Subject: [[PATCH 1/8] PM: EM: Add .get_cost() callback

The Energy Model (EM) supports devices which report abstract power scale,
not only real Watts. The primary goal for EM is to enable the Energy Aware
Scheduler (EAS) for a given platform. Some of the platforms might not be
able to deliver proper power values. The only information that they might
have is the relative efficiency between CPU types.

Thus, it makes sense to remove some restrictions in the EM framework and
introduce a mechanism which would support those platforms. What is crucial
for EAS to operate is the 'cost' field in the EM. The 'cost' is calculated
internally in EM framework based on knowledge from 'power' values.
The 'cost' values must be strictly increasing. The existing API with its
'power' value size restrictions cannot guarantee that the 'cost' will meet
this requirement.

Since the platform is missing this detailed information, but has only
efficiency details, introduce a new custom callback in the EM framework.
The new callback would allow to provide the 'cost' values which reflect
efficiency of the CPUs. This would allow to provide EAS information which
has different relation than what would be forced by the EM internal
formulas calculating 'cost' values.
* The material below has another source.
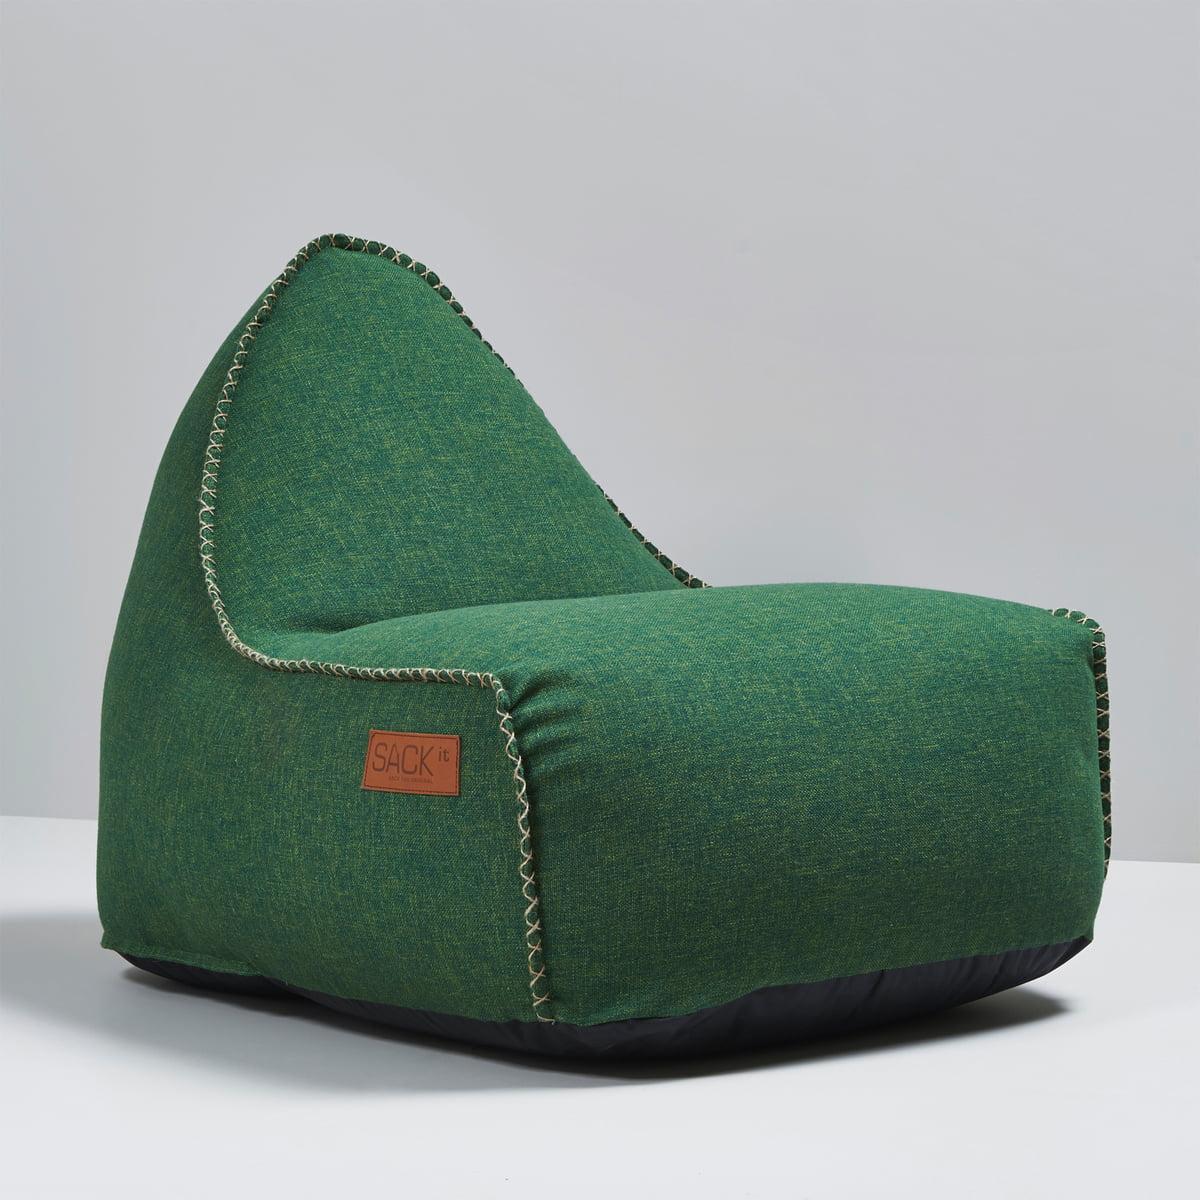 retro it outdoor sitzsack von sack it. Black Bedroom Furniture Sets. Home Design Ideas
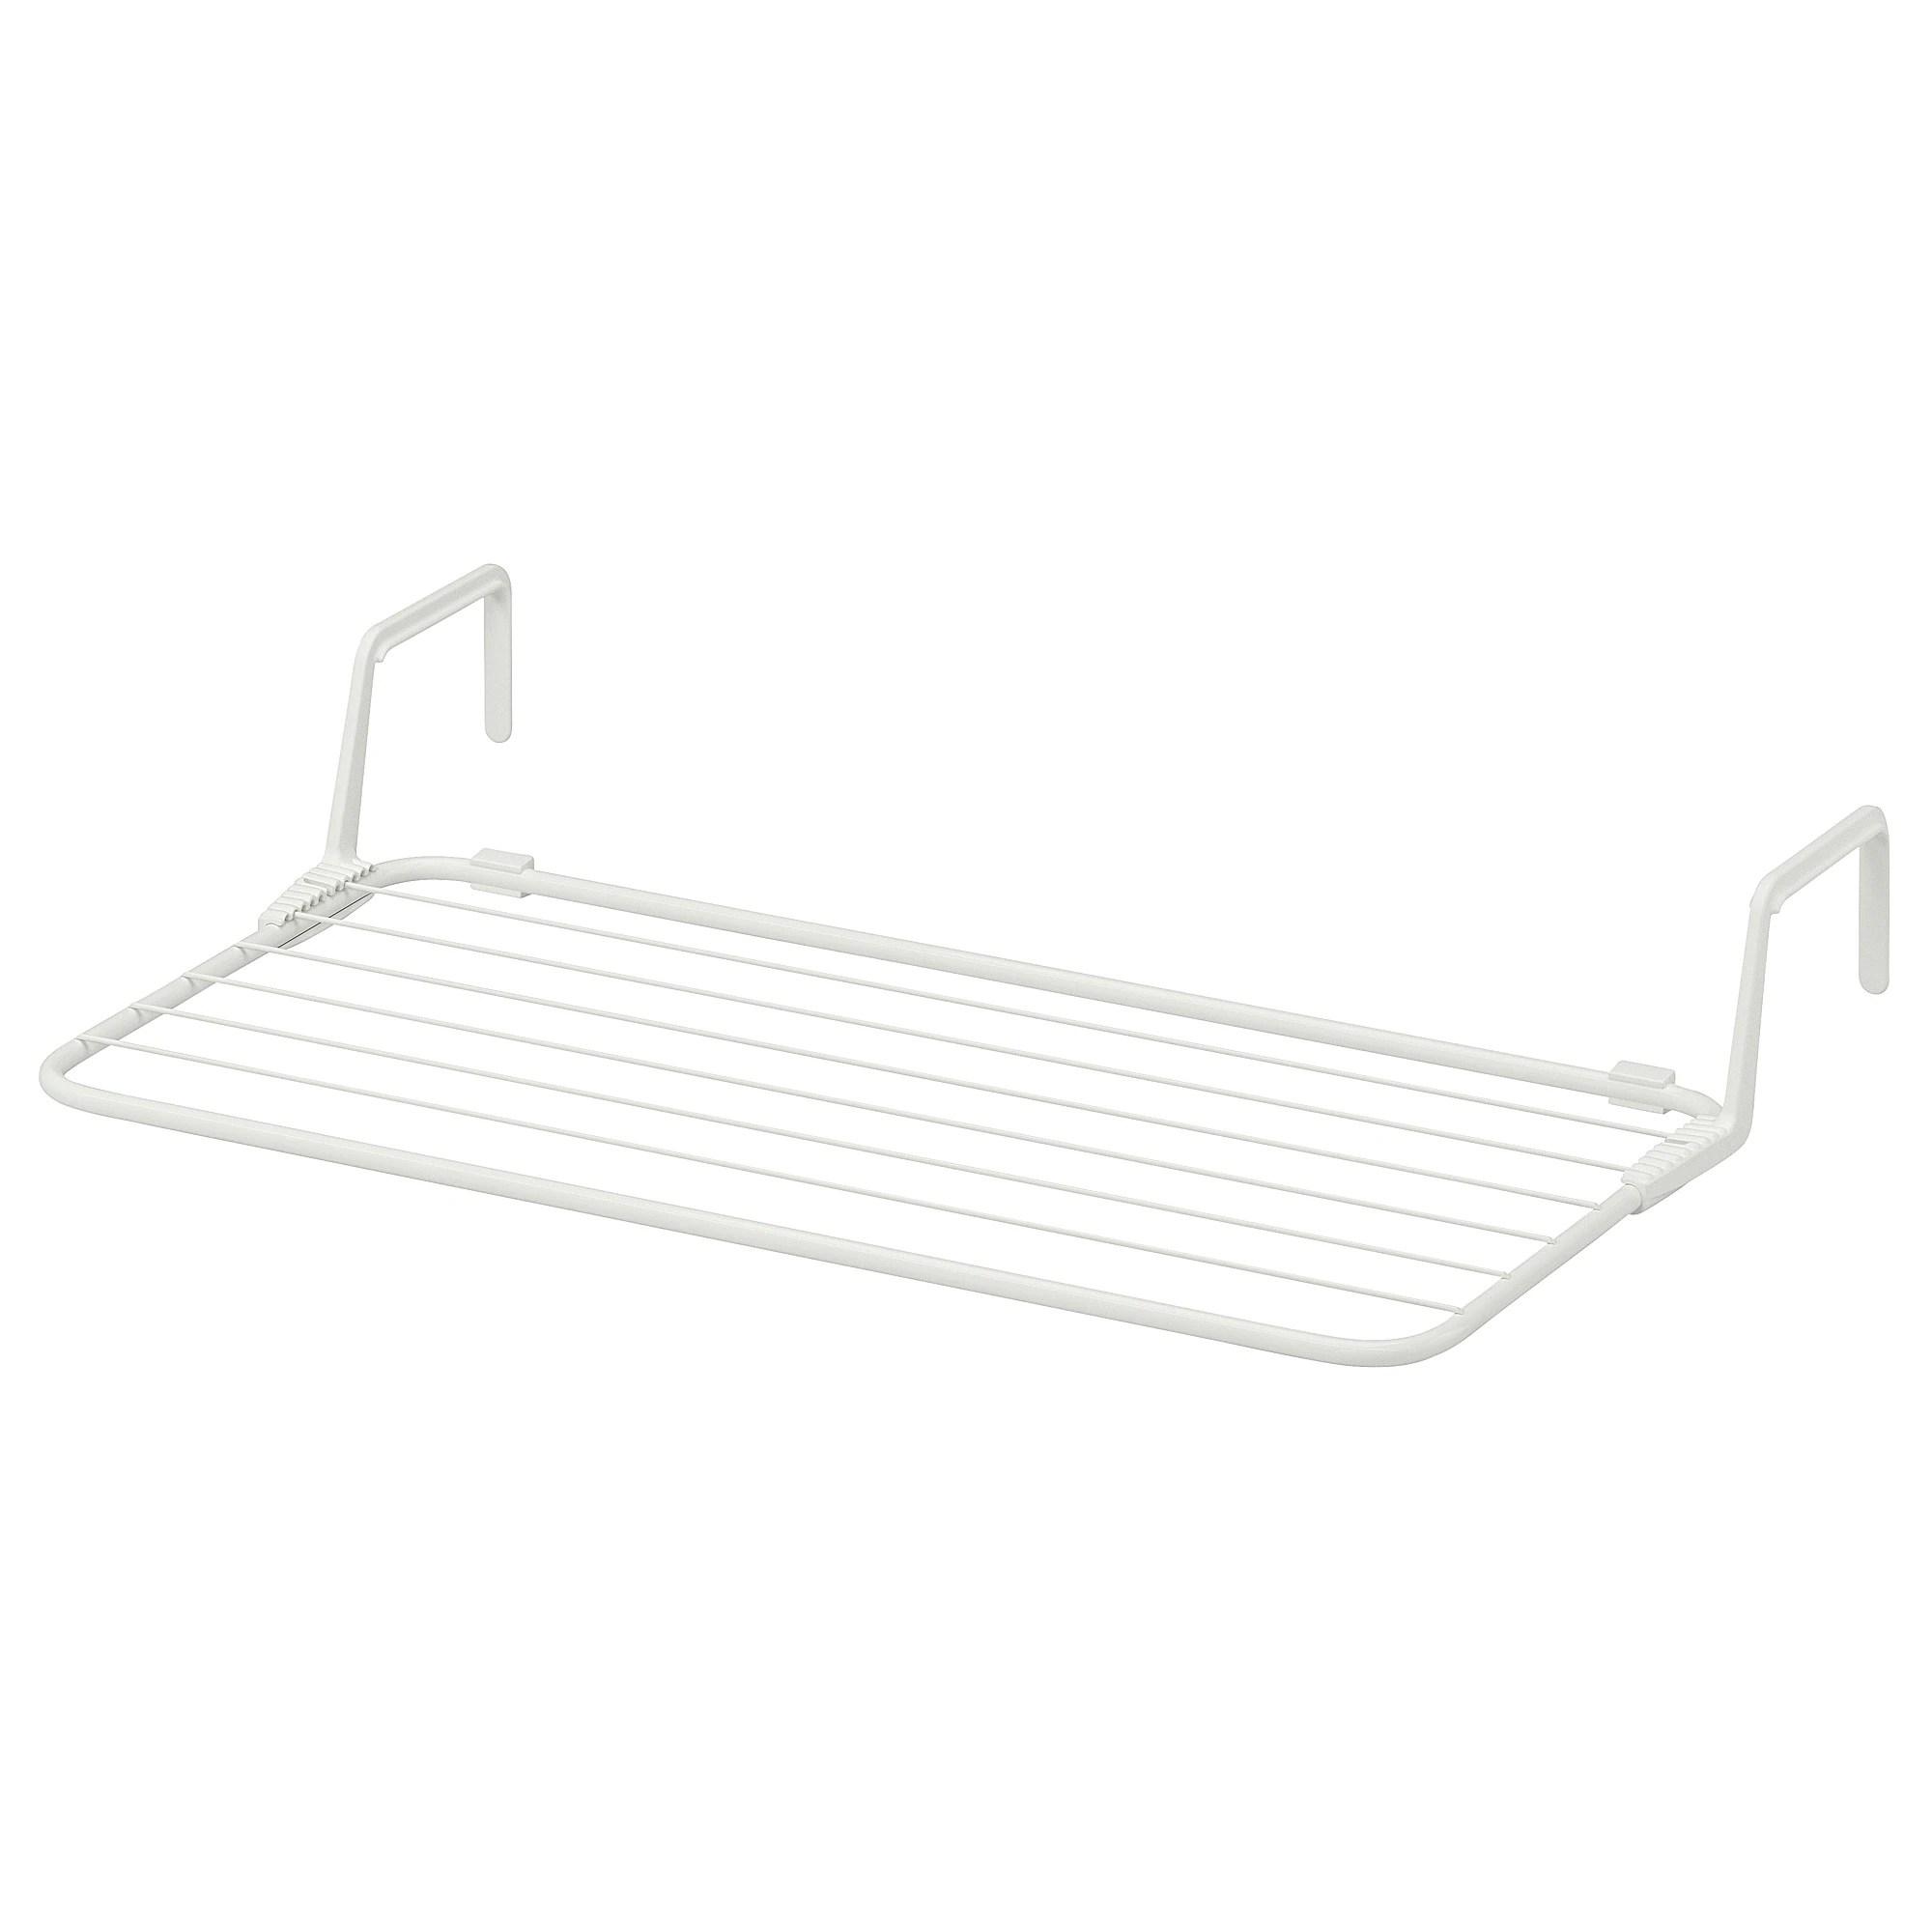 Sechoirs A Linge Ikea

Thanks to this new callback it is
possible to create a system view for EAS which has no overlapping
performance states across many Performance Domains.

Signed-off-by: Lukasz Luba <[email protected]>
---
include/linux/energy_model.h | 24 +++++++++++++++++++++++-
1 file changed, 23 insertions(+), 1 deletion(-)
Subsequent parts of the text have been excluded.